Input for this task:
####################

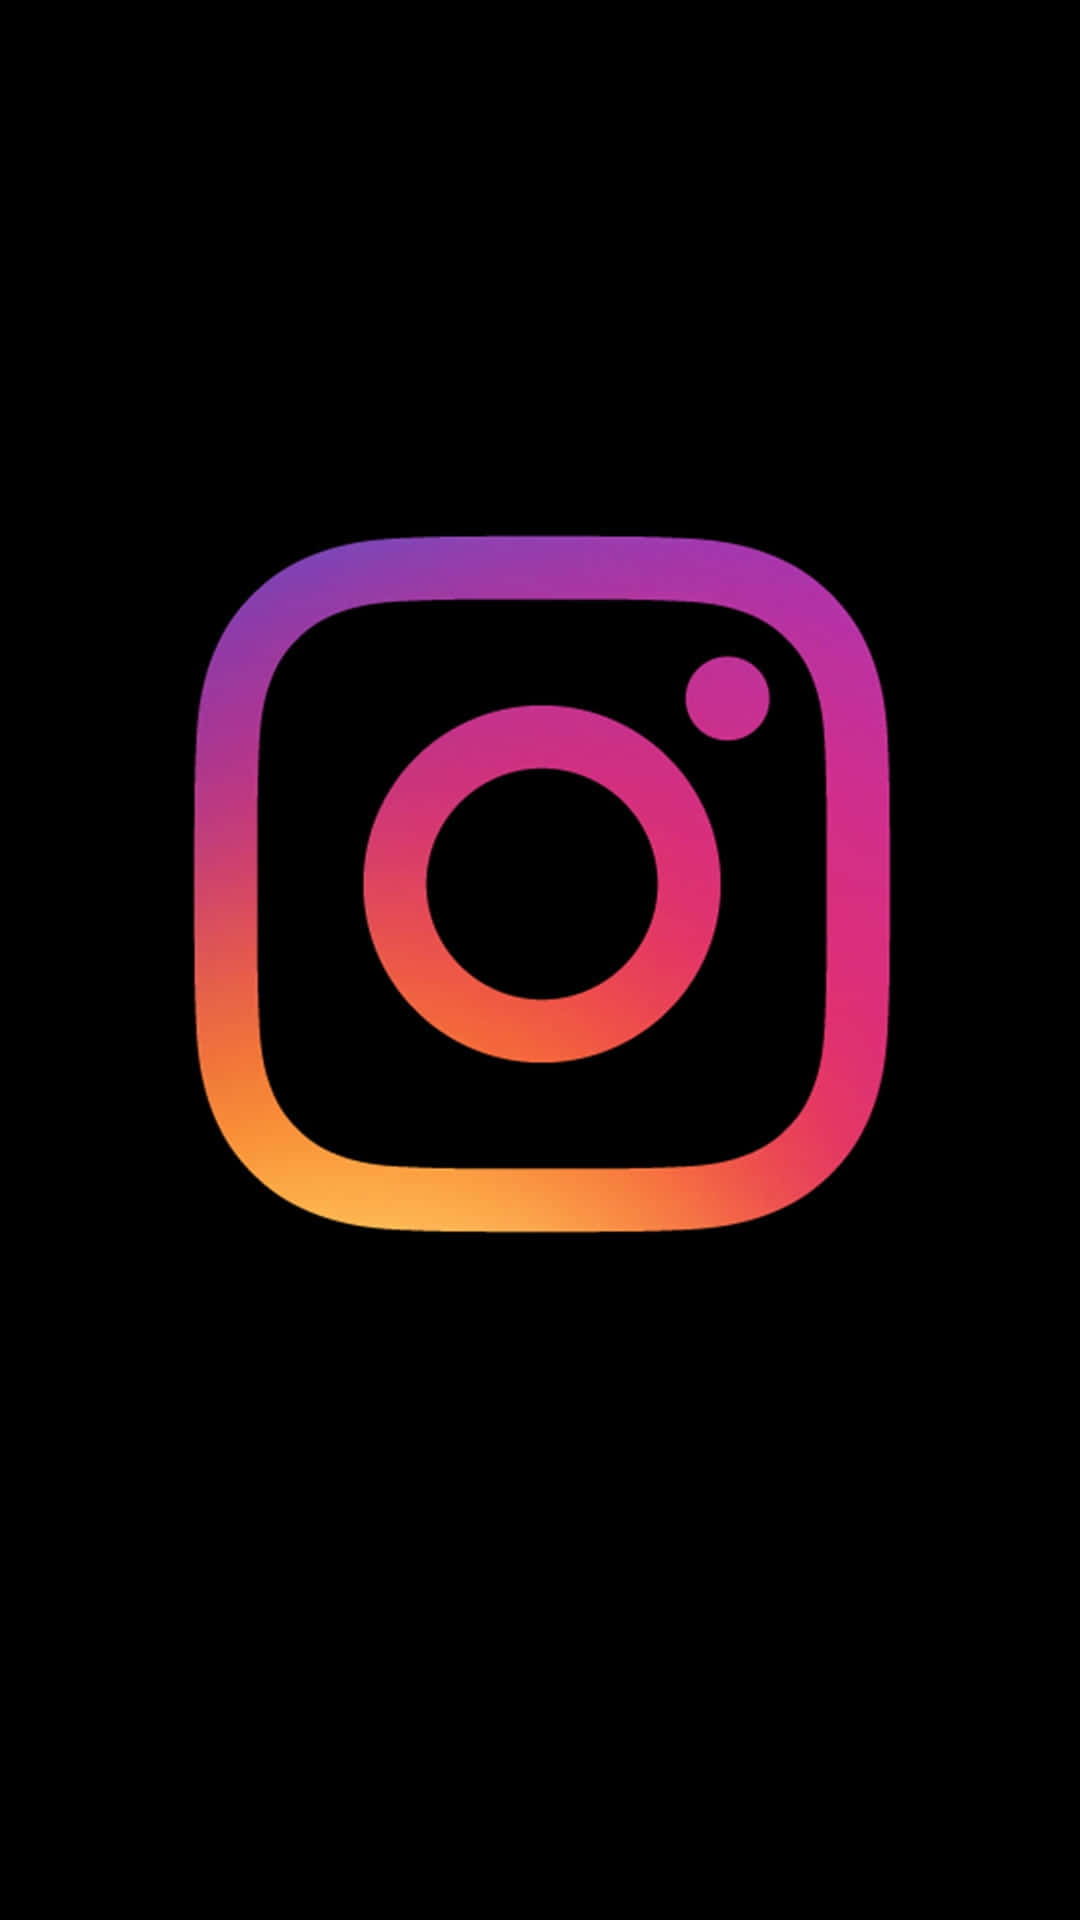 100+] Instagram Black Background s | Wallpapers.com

####################

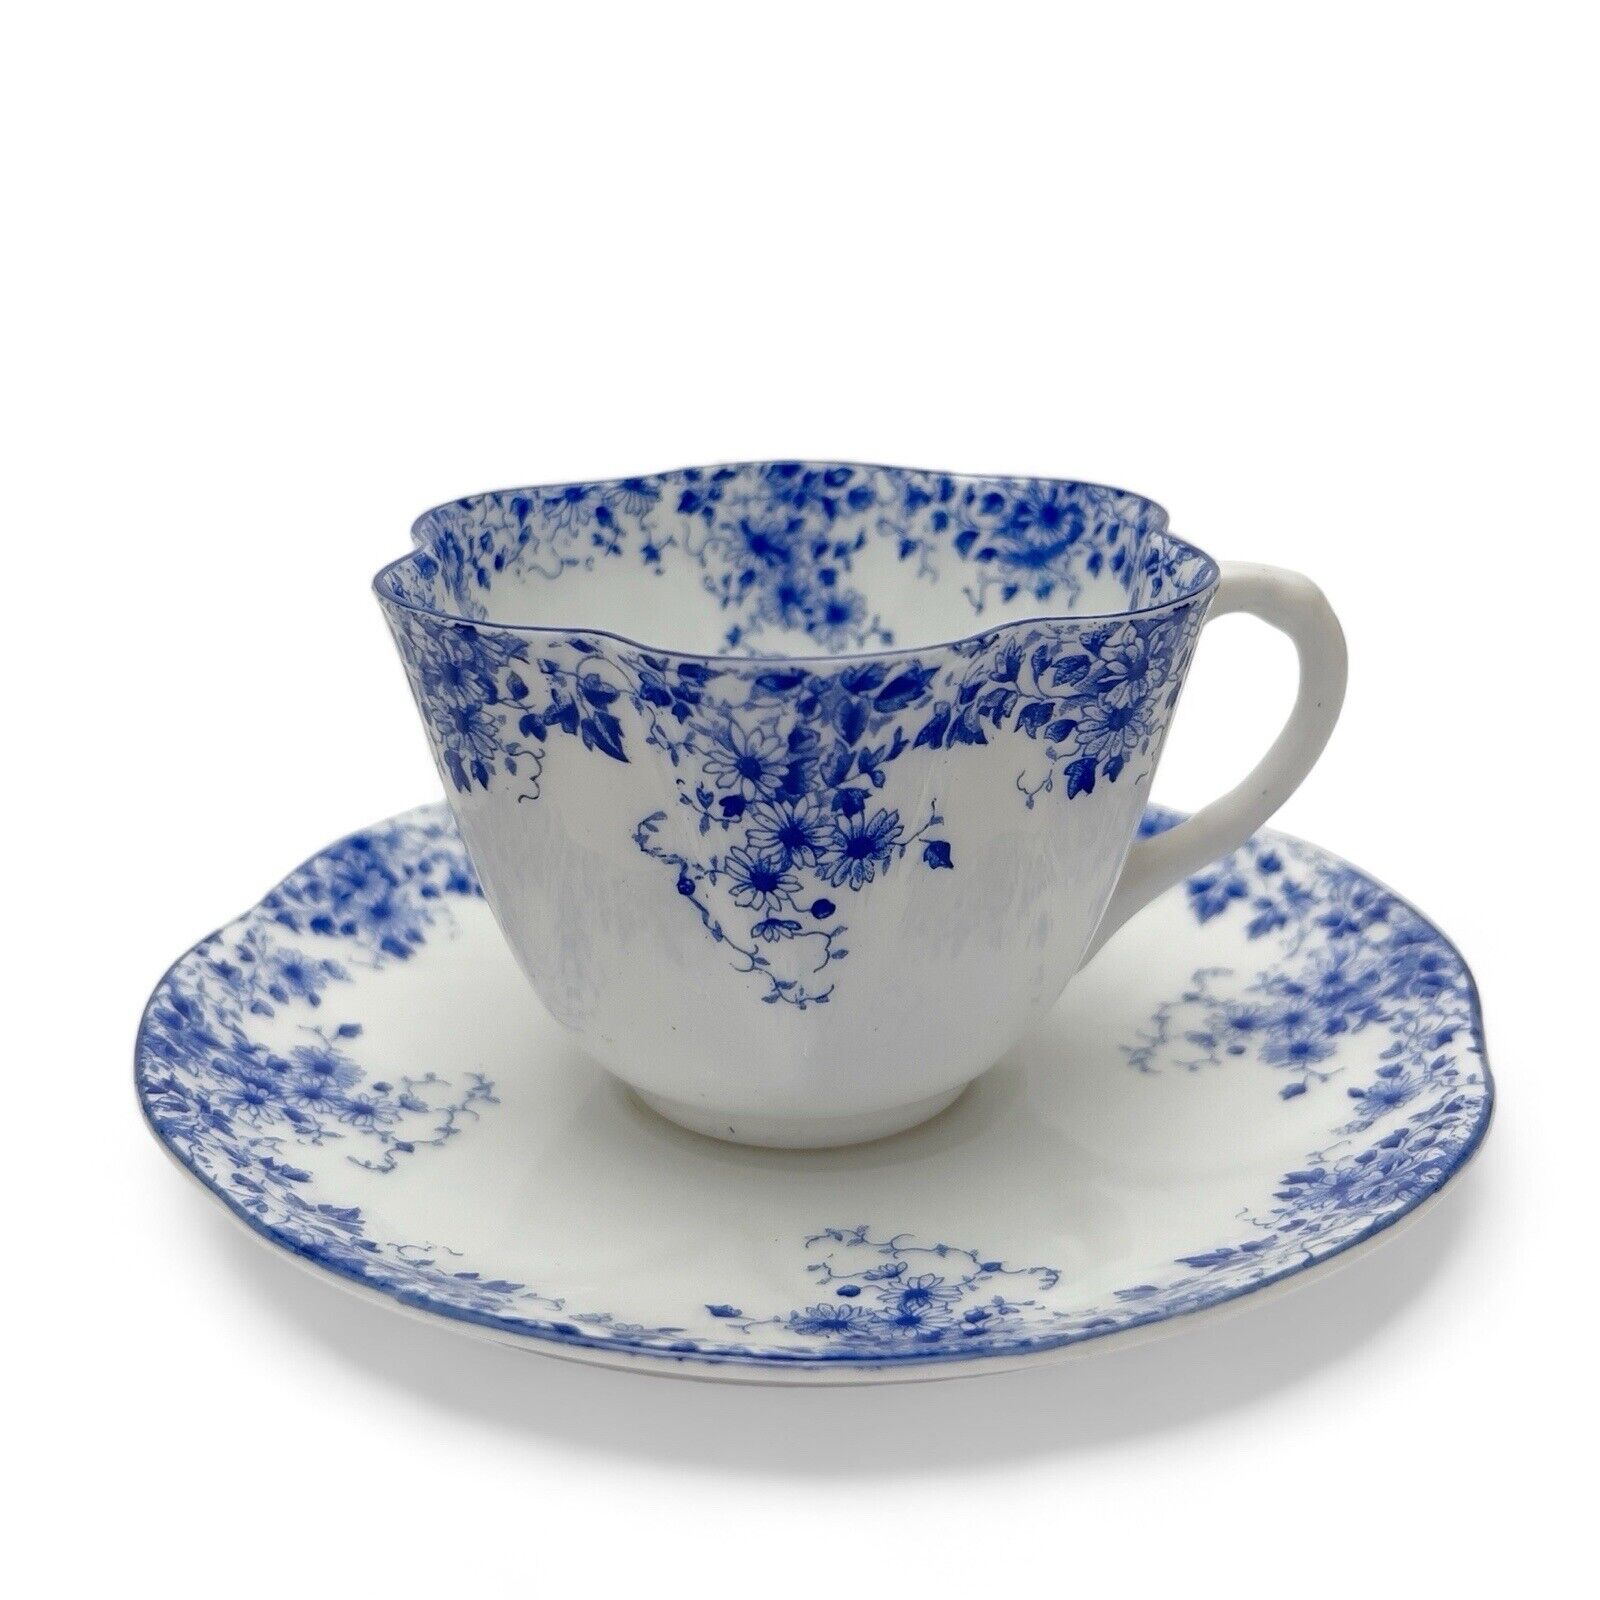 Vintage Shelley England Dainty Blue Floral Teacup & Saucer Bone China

####################

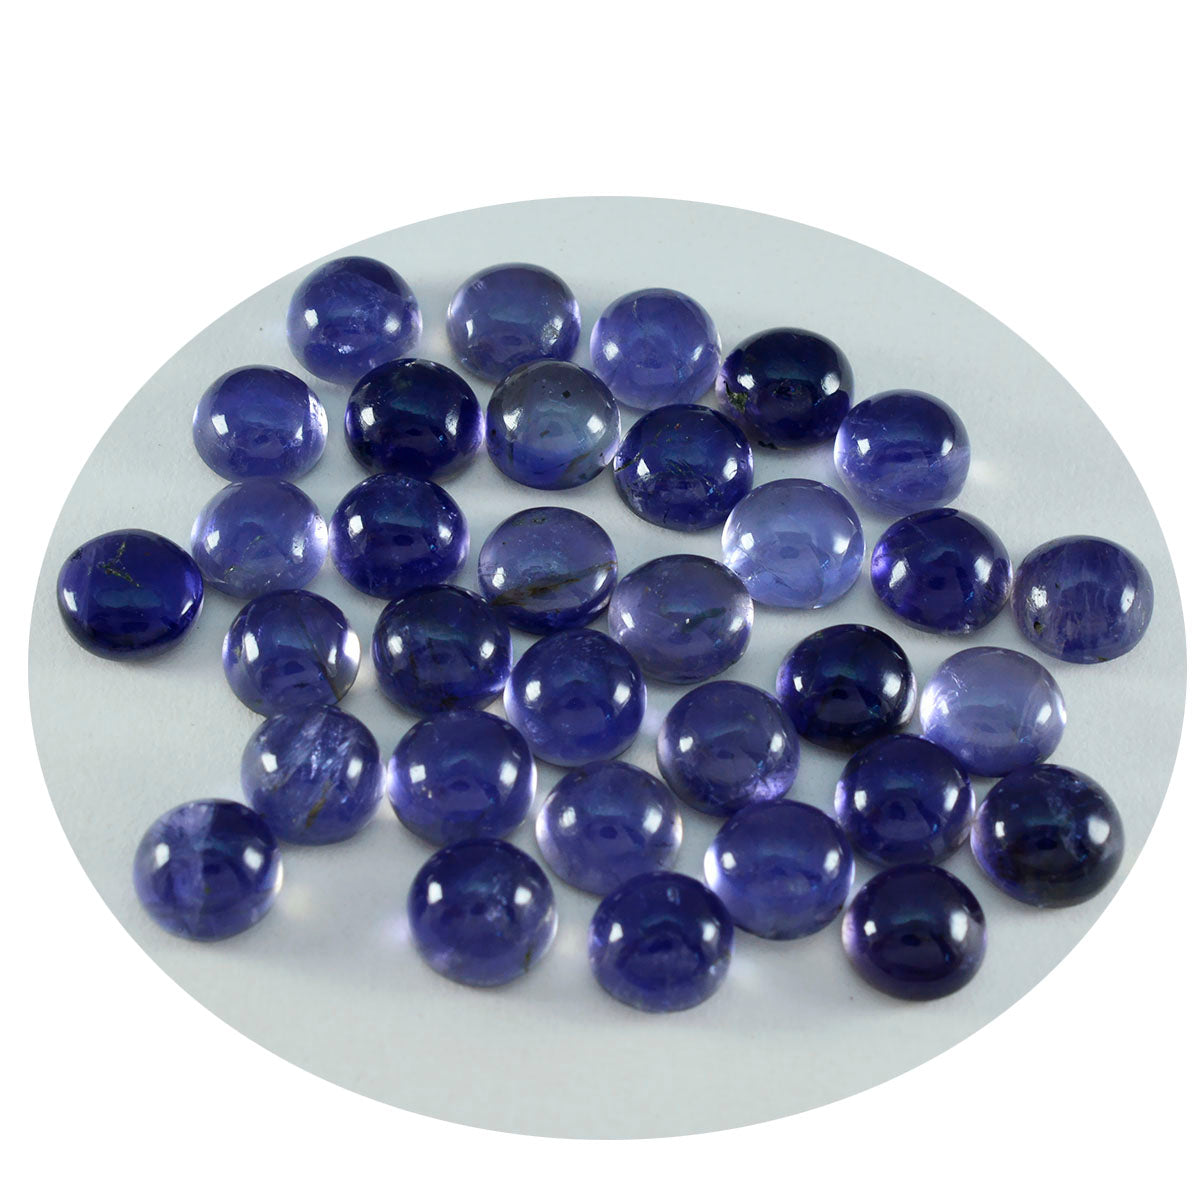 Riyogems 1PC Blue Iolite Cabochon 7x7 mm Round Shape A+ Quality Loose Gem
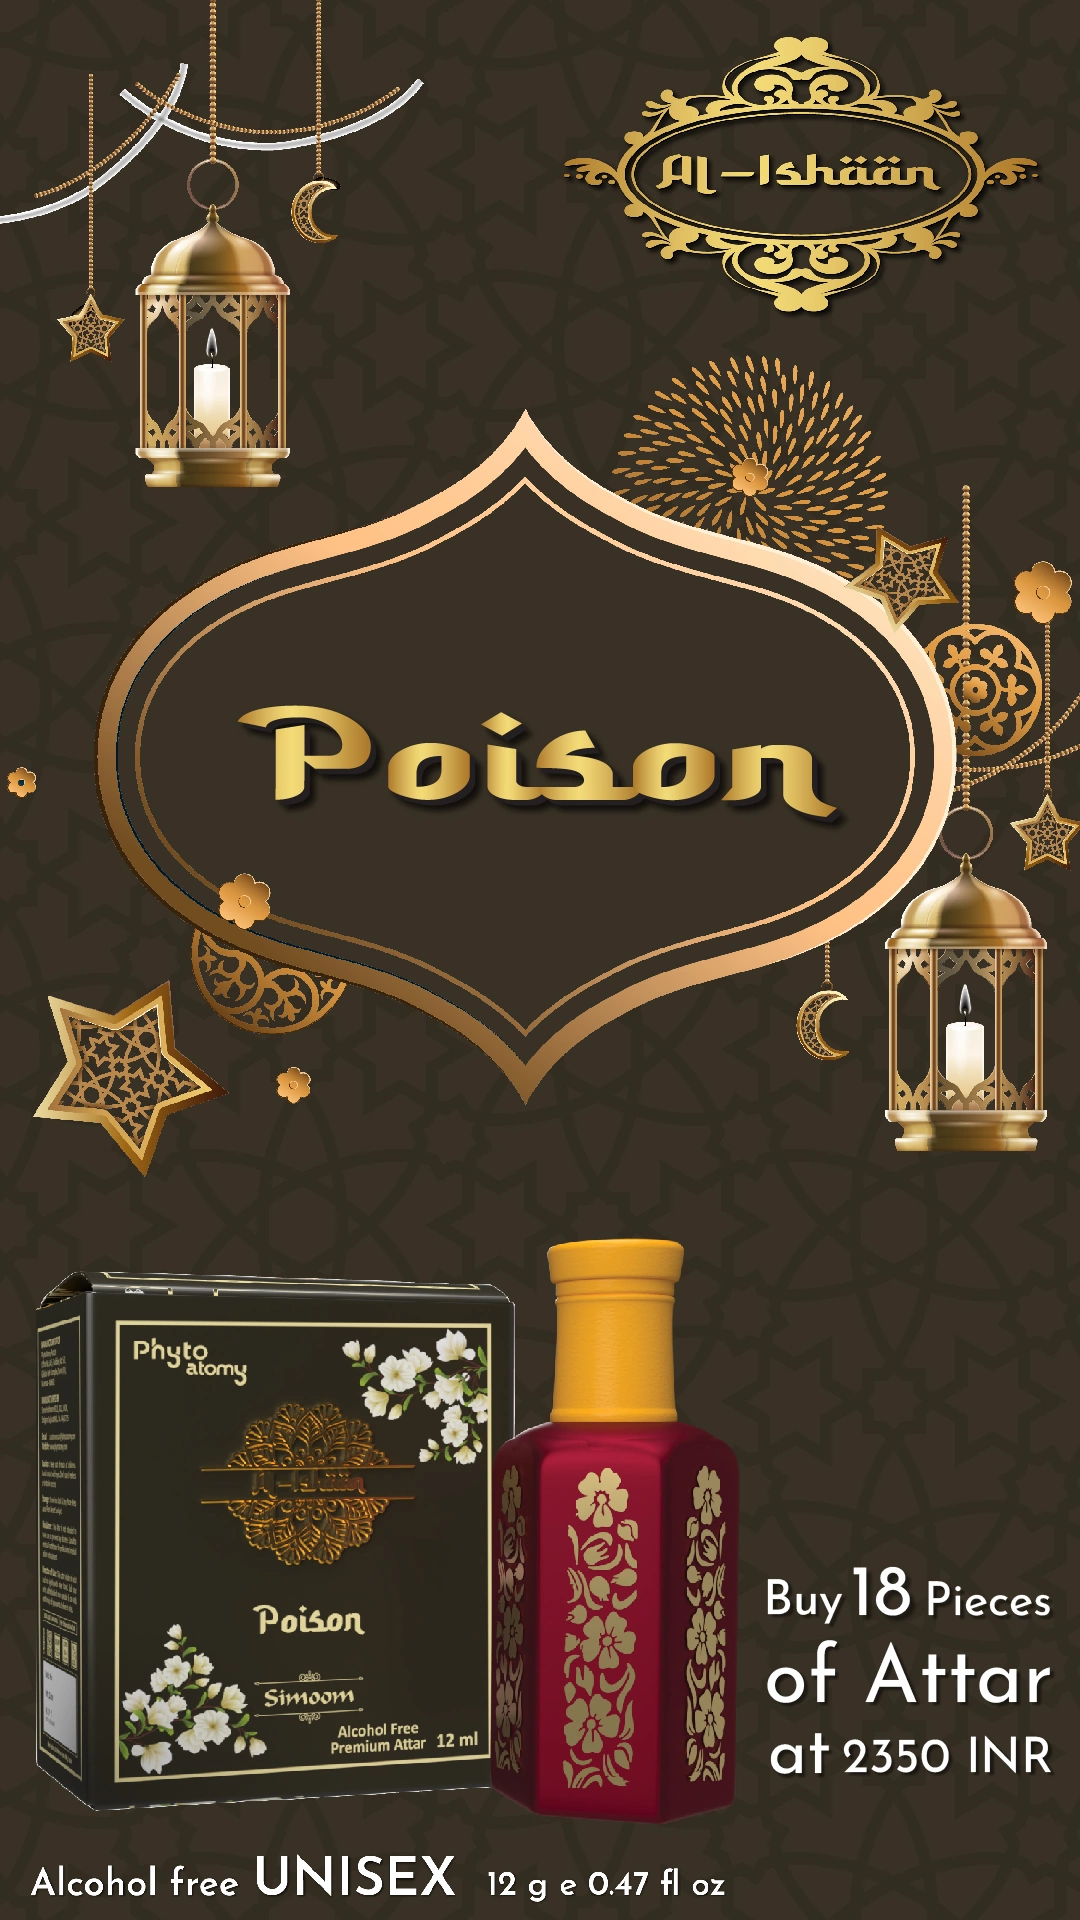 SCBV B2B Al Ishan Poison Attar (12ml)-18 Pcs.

####################

Description of the task:
Using the entries above, reproduce word for word only the lines from the one that contains "Riyogems 1PC Blue" to the one that contains "SCBV B2B Al", both ends included, and drop every picture.

Answer to this task:
 Riyogems 1PC Blue Iolite Cabochon 7x7 mm Round Shape A+ Quality Loose Gem
 SCBV B2B Al Ishan Poison Attar (12ml)-18 Pcs.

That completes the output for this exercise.